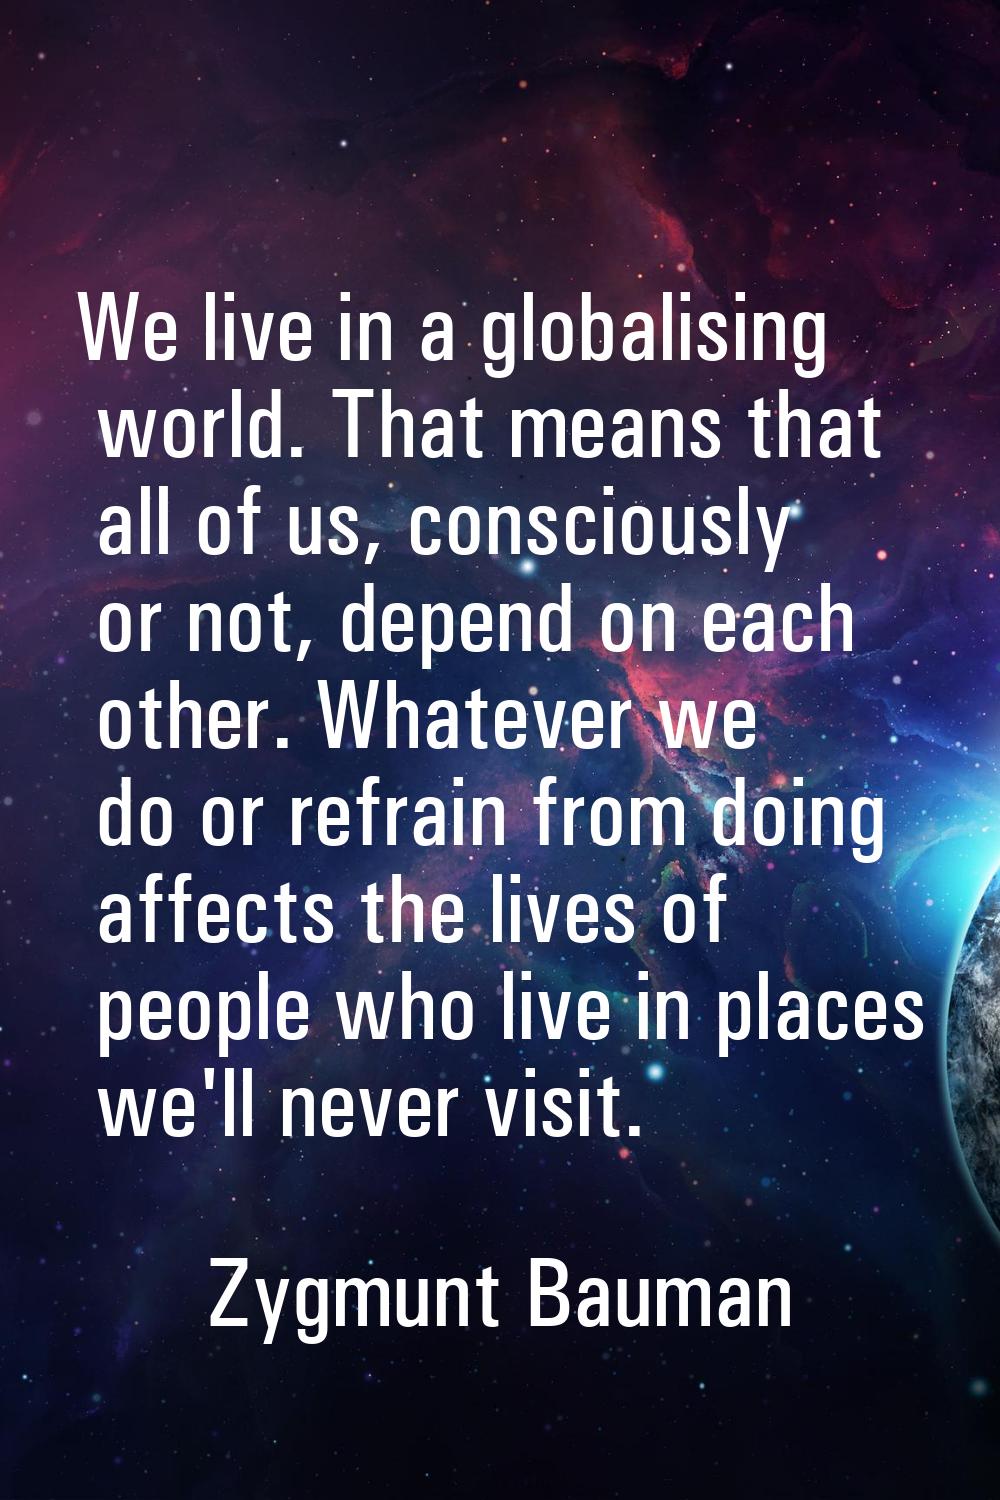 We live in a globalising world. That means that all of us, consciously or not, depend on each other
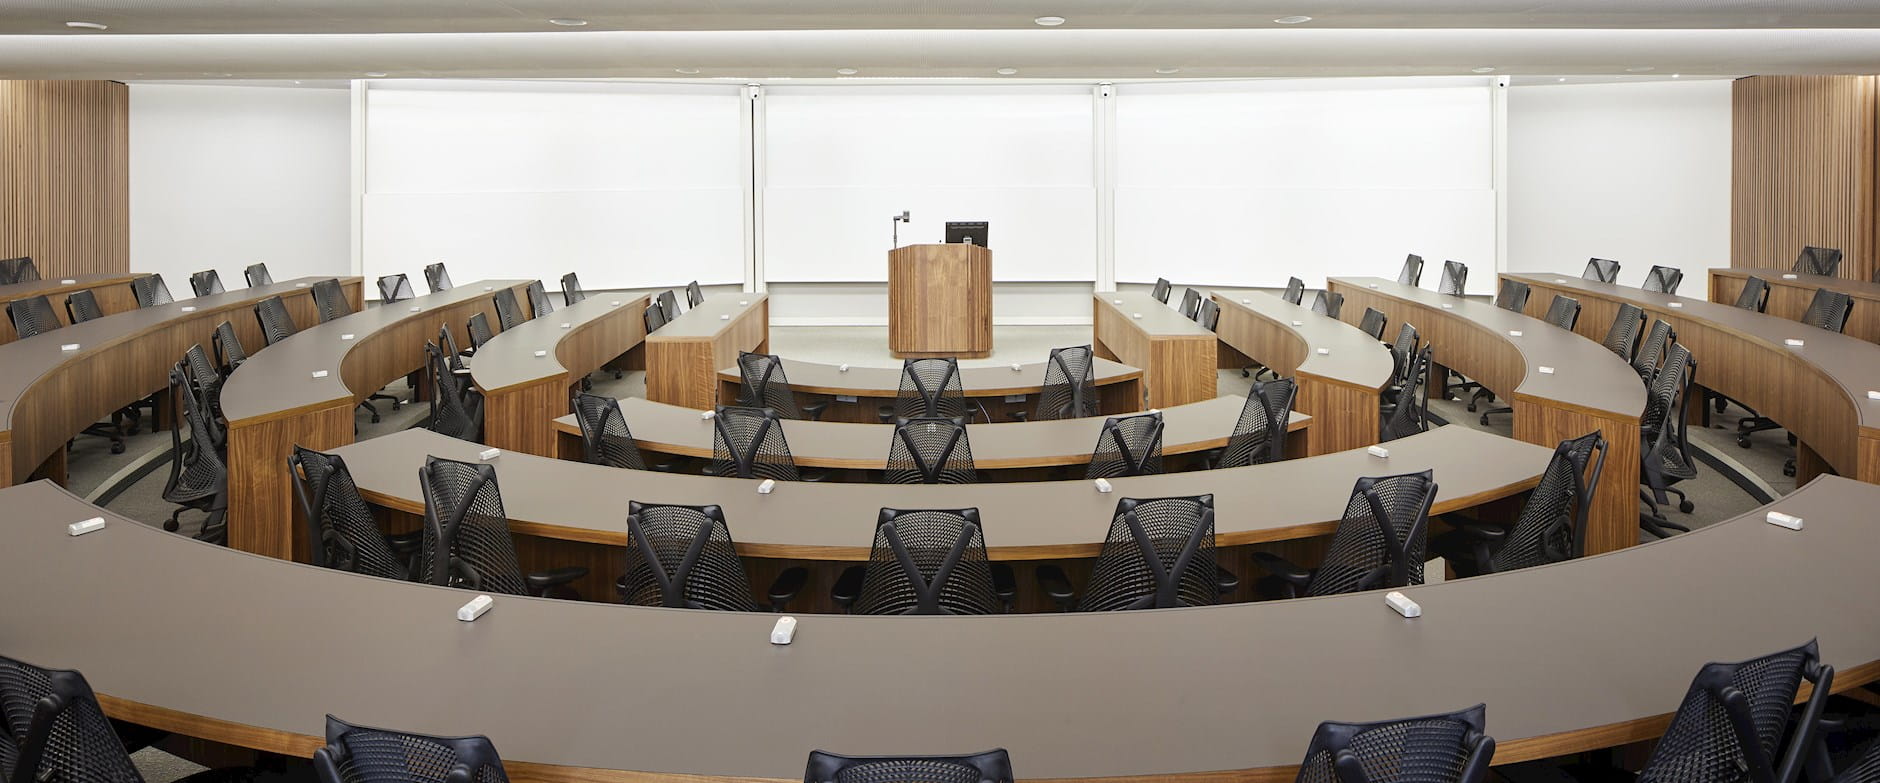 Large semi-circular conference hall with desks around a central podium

==

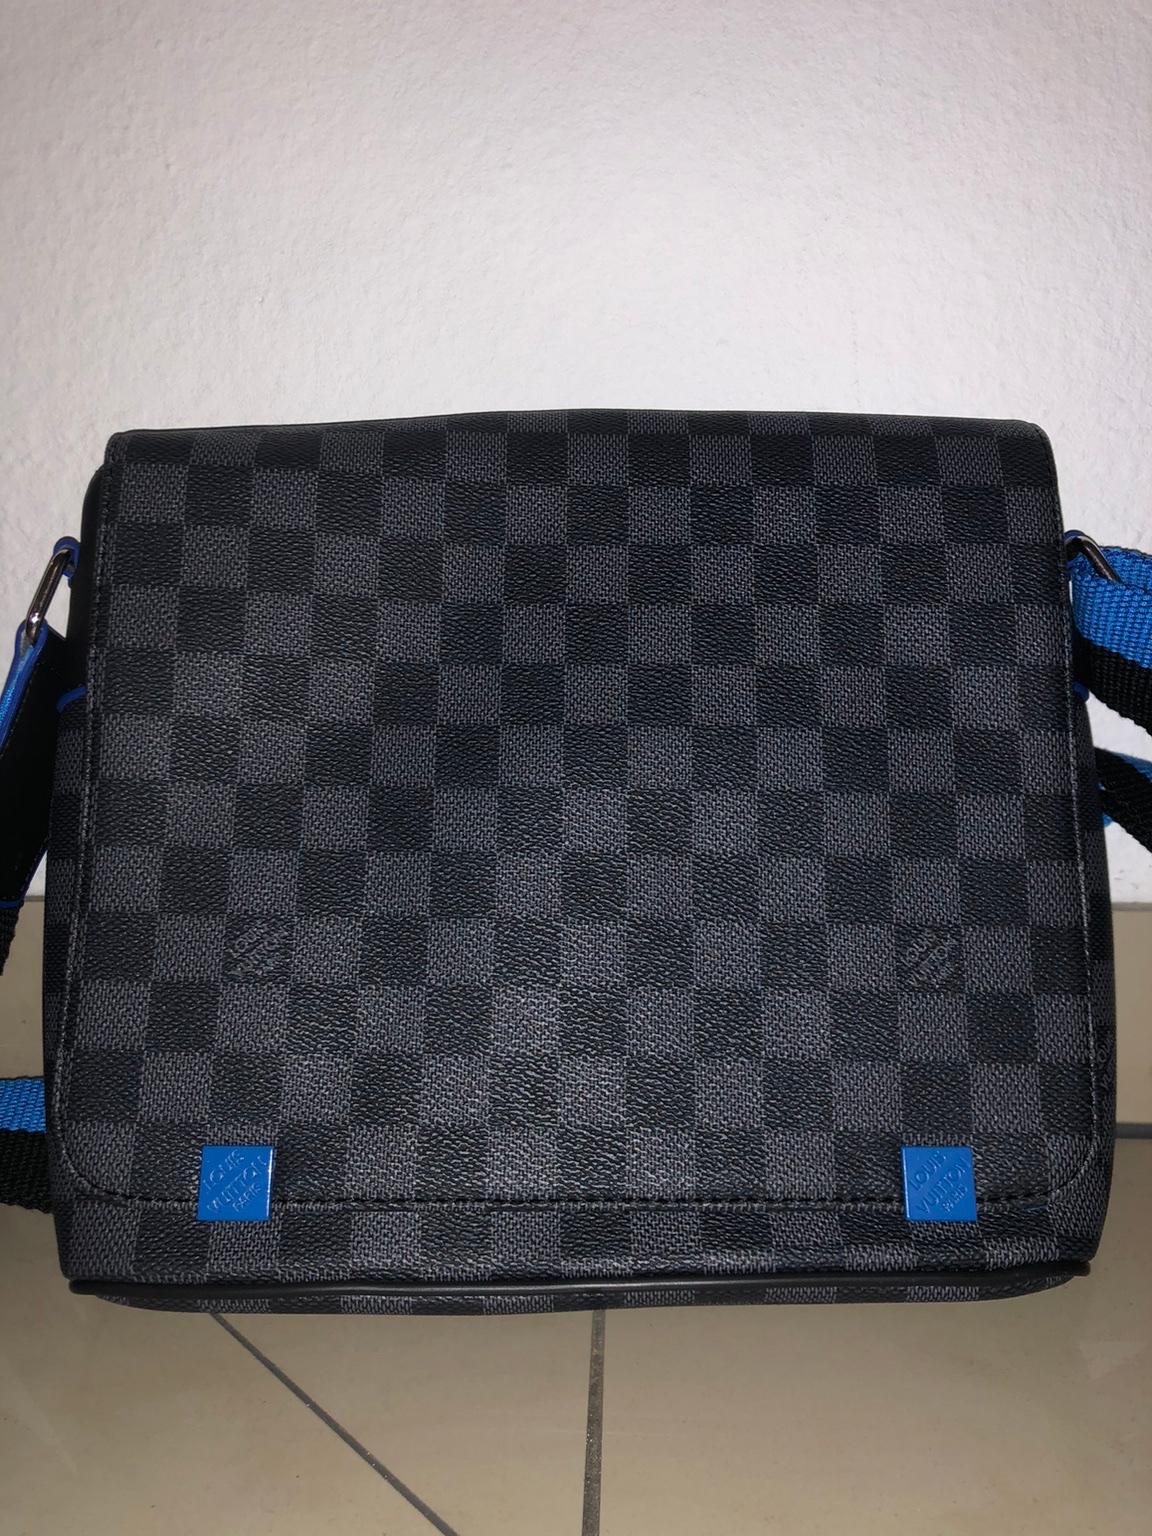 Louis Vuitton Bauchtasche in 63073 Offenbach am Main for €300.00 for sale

* **Work item**: Your copy should hold the lines from the one with "We live in a" up to and including the one with "Large semi-circular conference", exactly as in the data above, and no pictures.

* **Task response**:
 We live in a globalising world. That means that all of us, consciously or not, depend on each other
 Large semi-circular conference hall with desks around a central podium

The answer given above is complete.